In his column of Sept. 17, 2001, conservative columnist Robert Novak reported on the plans of the Washington establishment, including this quote from a Republican senator: “We’re going to bomb Afghanistan into a parking lot.”
Novak warned that this wouldn’t accomplish what America needed to accomplish. “The CIA, in its present state, is viewed by its Capitol Hill overseers as incapable of targeting bin Laden,” Novak reported.
Sure enough, we did not catch bin Laden in Afghanistan. It took another 10 years and three CIA directors before we finally caught up with him in Pakistan.
Novak, who would hire me as a staff reporter about three months later, also noted that the more hawkish elements of the American Right were already calling for a broad regime change. Bill Bennett, for instance, had suggested that the U.S. ought to follow an Afghanistan invasion with attacks on Syria, Iran, Libya, and Iraq.
“An American attack on some of those countries,” Novak remarked, “would be a geopolitical disaster.”
Novak’s column, written days after 9/11, became a central exhibit in David Frum’s case in National Review that Bob Novak was an “Unpatriotic Conservative.” The central theme of the piece, published on the eve of the Iraq War, was that the people opposing President George W. Bush’s intervention really just hated their country.
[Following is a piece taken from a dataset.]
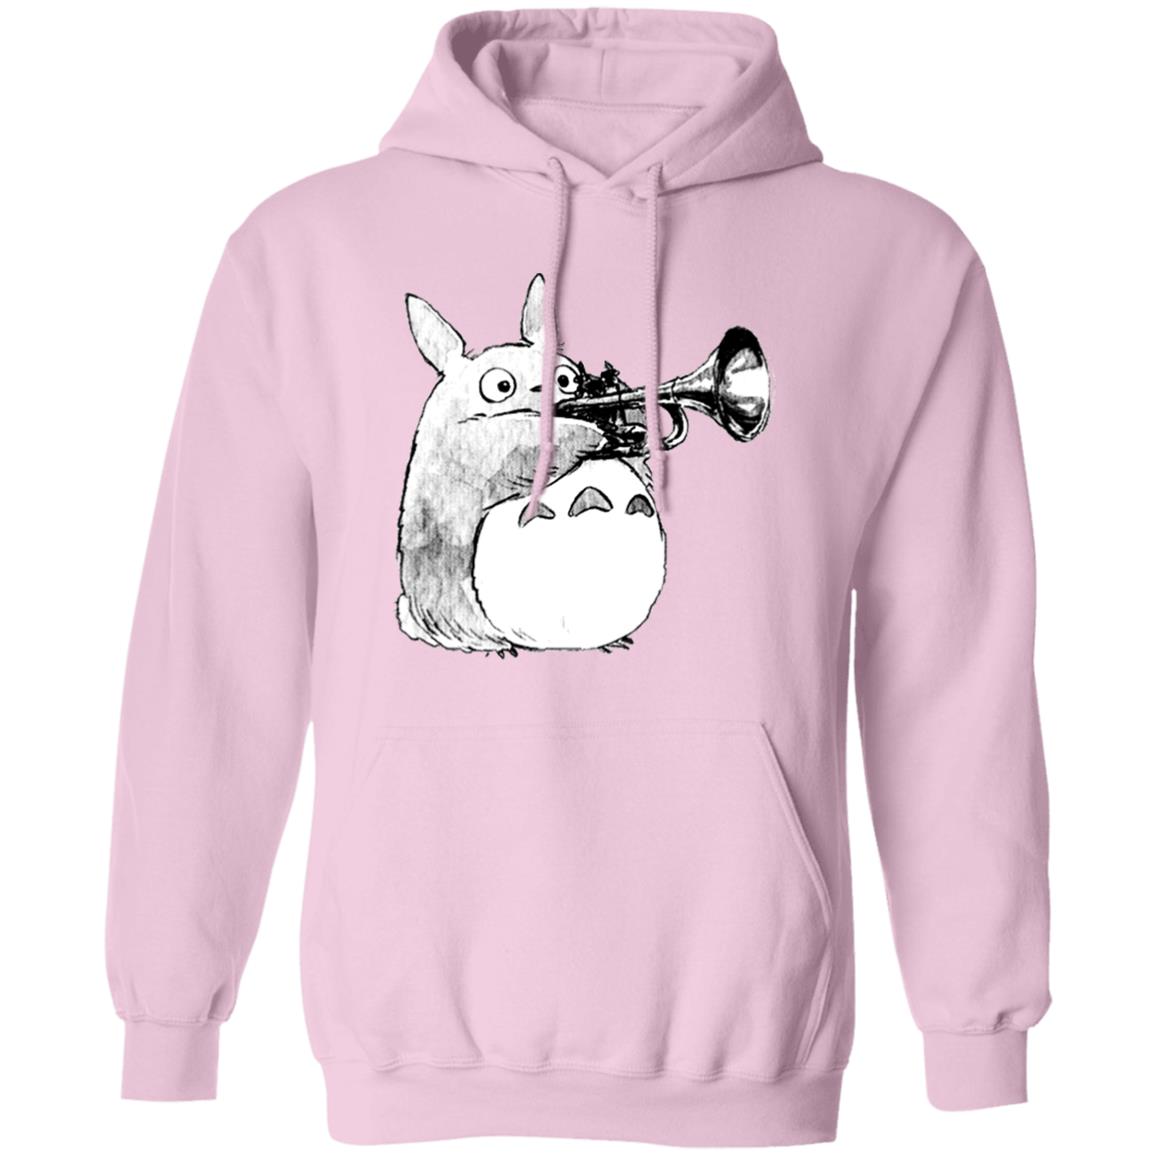 Totoro and the trumpet Hoodie Ghibli Store ghibli.store

As we stand amid a pandemic defined by massive, sudden, emotionally charged government actions and look back 20 years ago to the massive, sudden, emotionally charged actions of the Bush administration and Congress, it is worth remembering that back then, there were people who resisted government overreaction and were excoriated for it.
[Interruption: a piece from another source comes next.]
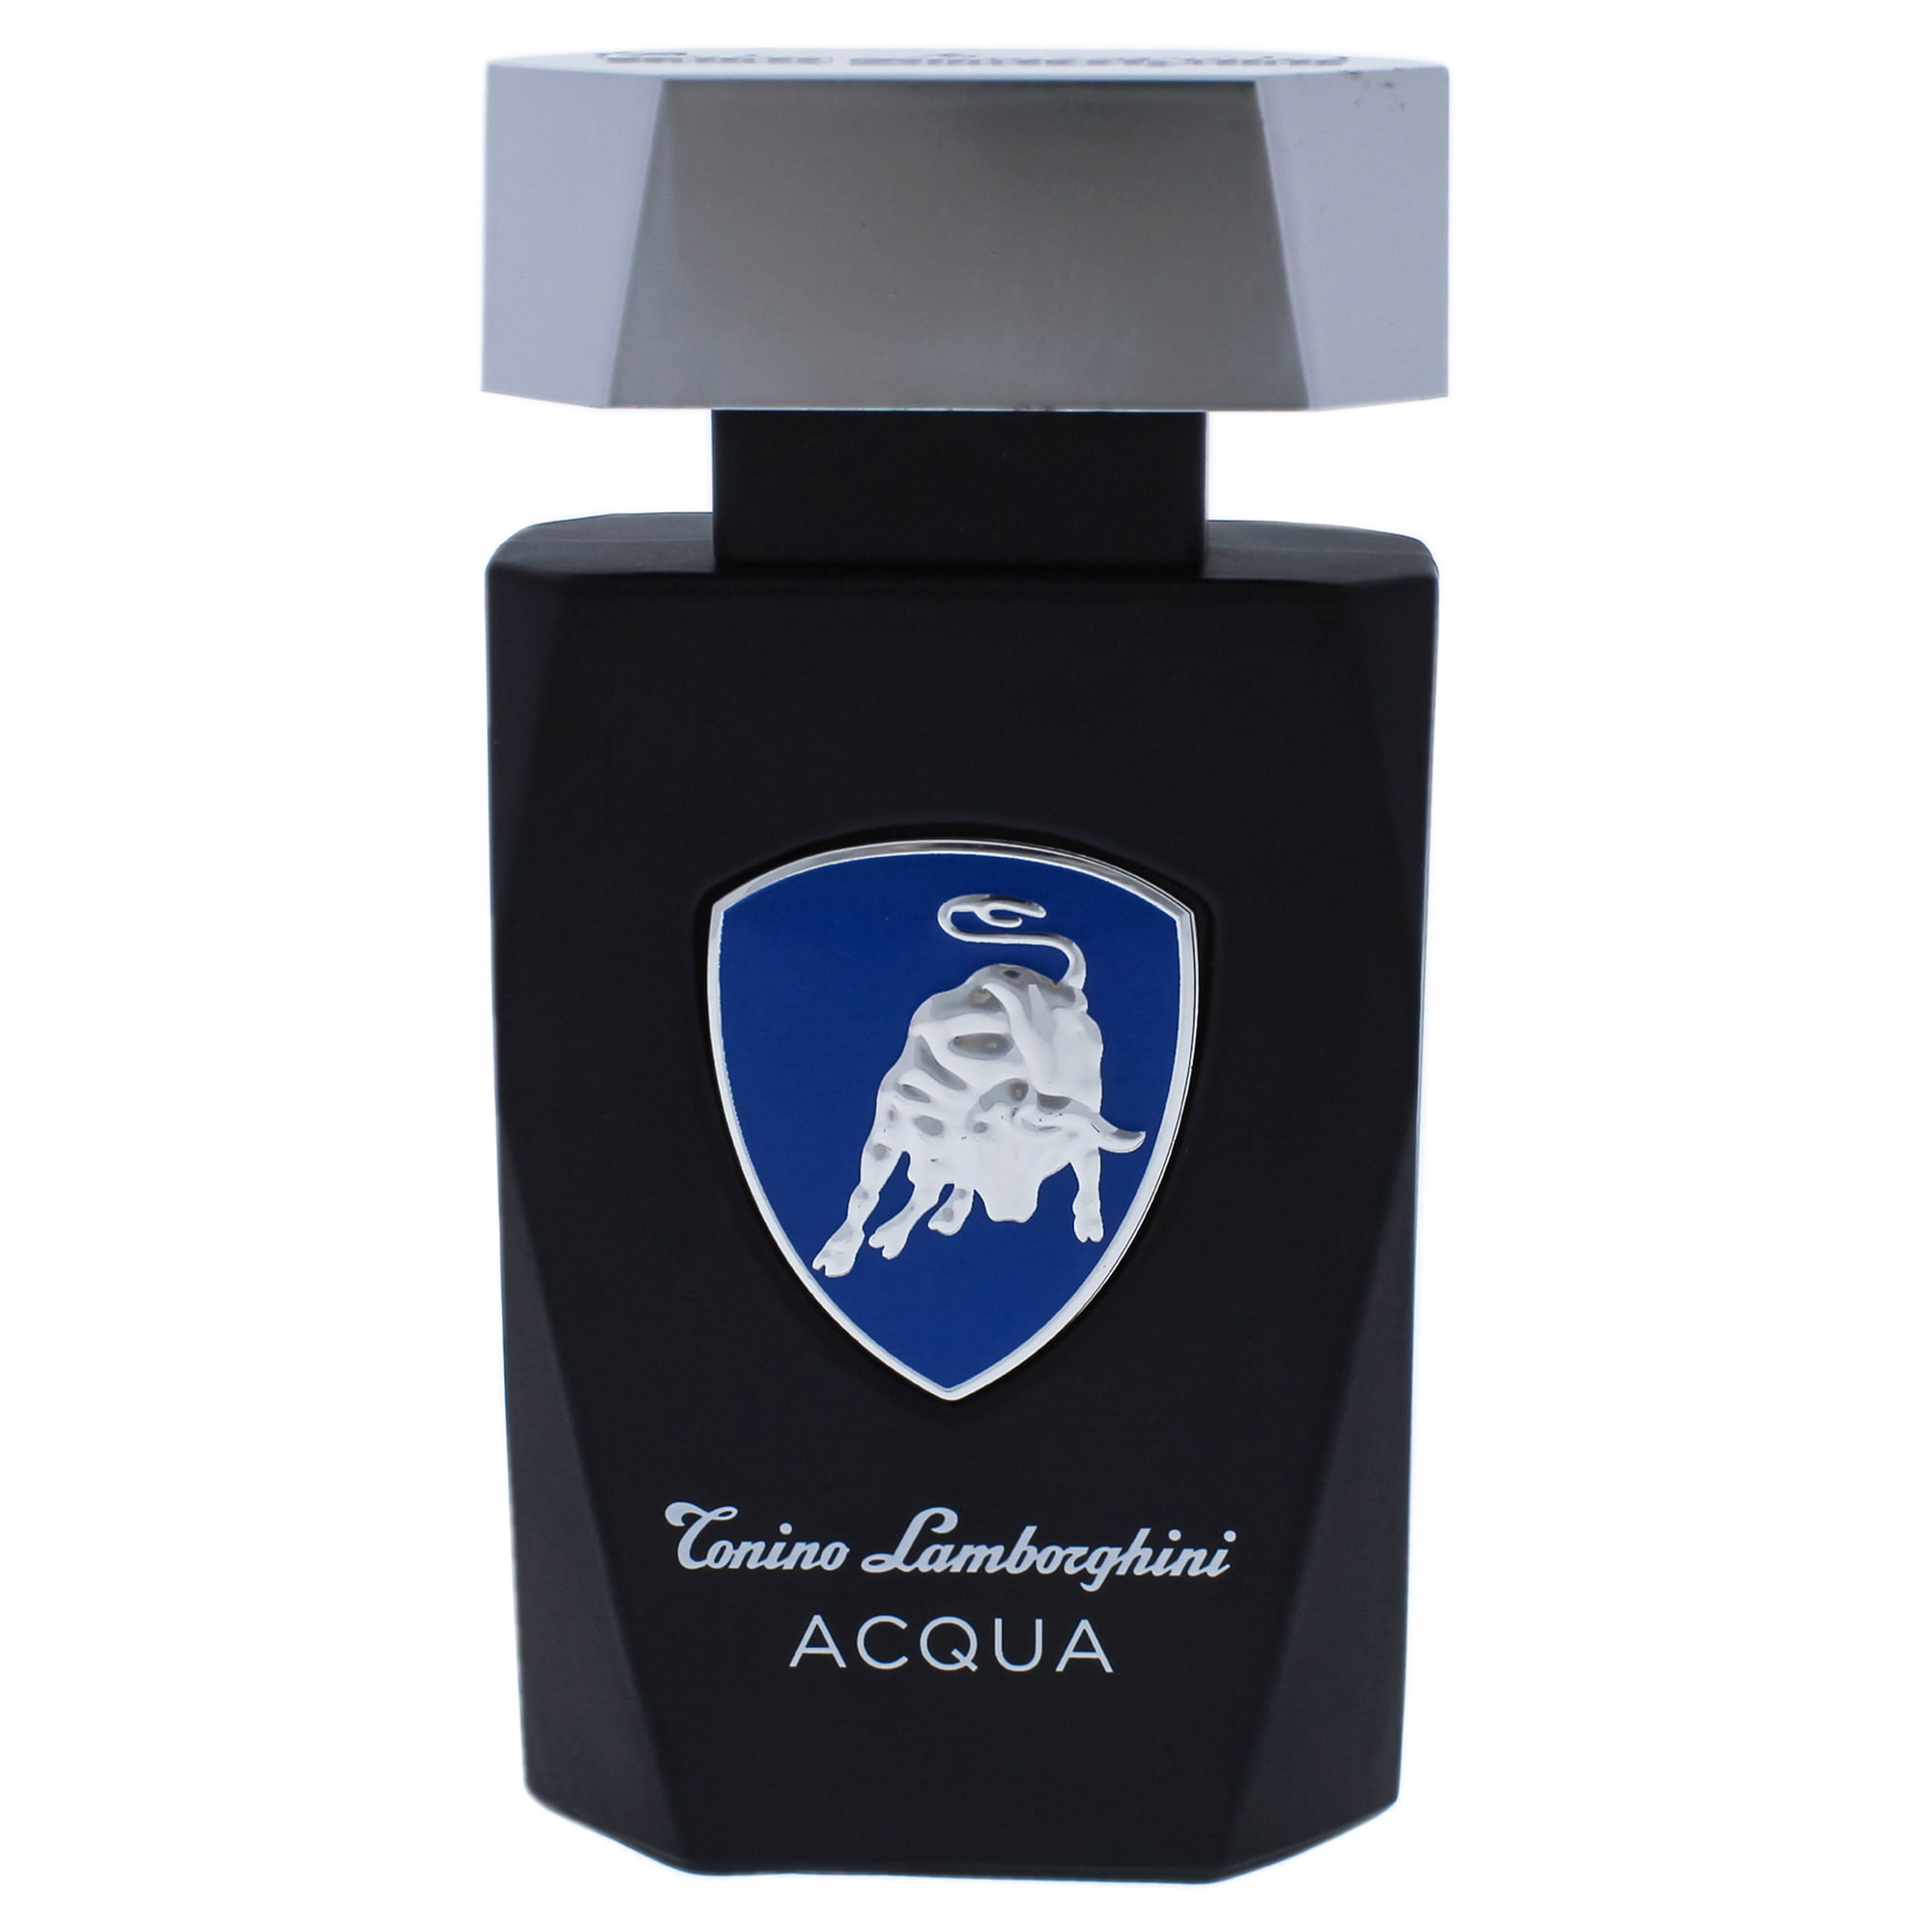 Acqua by Tonino Lamborghini for Men – 4.2 oz EDT Spray

It’s easy to read the media today and assume there was uniformity behind the post-9/11 errors. But actually, some of us opposed the creation of the Transportation Security Administration. Some of us opposed the expansion of domestic surveillance. Some of us warned about the difficulty of nation-building. Some of us, even on the Right, opposed the Iraq War.
For those crimes, we were sometimes called “unpatriotic” and even antisemitic. We were warned, when we asked for more evidence that the proposed interventions were necessary, that the proof would come in the form of a “mushroom cloud.”
As a result, many of us have been unimpressed over the last 18 months when told that questioning the government’s massive, unprecedented, disruptive interventions would result in untold deaths. Those of us who opposed unreasonable closures, who questioned the need for mask mandates, who resisted government intrusions into our private institutions, were called killers. We were told we would be responsible for untold deaths.
The analogy between the post-9/11 mania and the coronavirus mania is imperfect, of course. Saddam Hussein killed nobody with his nonexistent WMDs. Al Qaeda’s body count over 20 years is a drop in the bucket compared to COVID-19’s body count. But in certain regards, the analogy works perfectly.
“Students will die” if schools are reopened, teachers warned. This captured two totally false, WMD-like storylines: First, that COVID-19 would be a mass murderer of children, and second, that opening schools was dangerous.
Another parallel between the pandemic response and the 9/11 response: The interventions have proven less effective and more costly than promised. School closures, banning outdoor youth sports, closing swimming pools, the costly Clorox theater, all have been pointless and have harmed young people and all of society.
Going forward, the most important parallel might be the lack of an end date. By naming the post-9/11 response the “War on Terror,” the Bush administration created license for permanent war, permanent surveillance, and permanent suspension of civil liberties.
It’s the same with this virus. Like the flu and like terror, the coronavirus will be with us until the end of the world. There will always be excuses for draconian quarantine rules, for mask mandates, for new vaccine mandates, and so on. To borrow a phrase: We’re in a forever pandemic.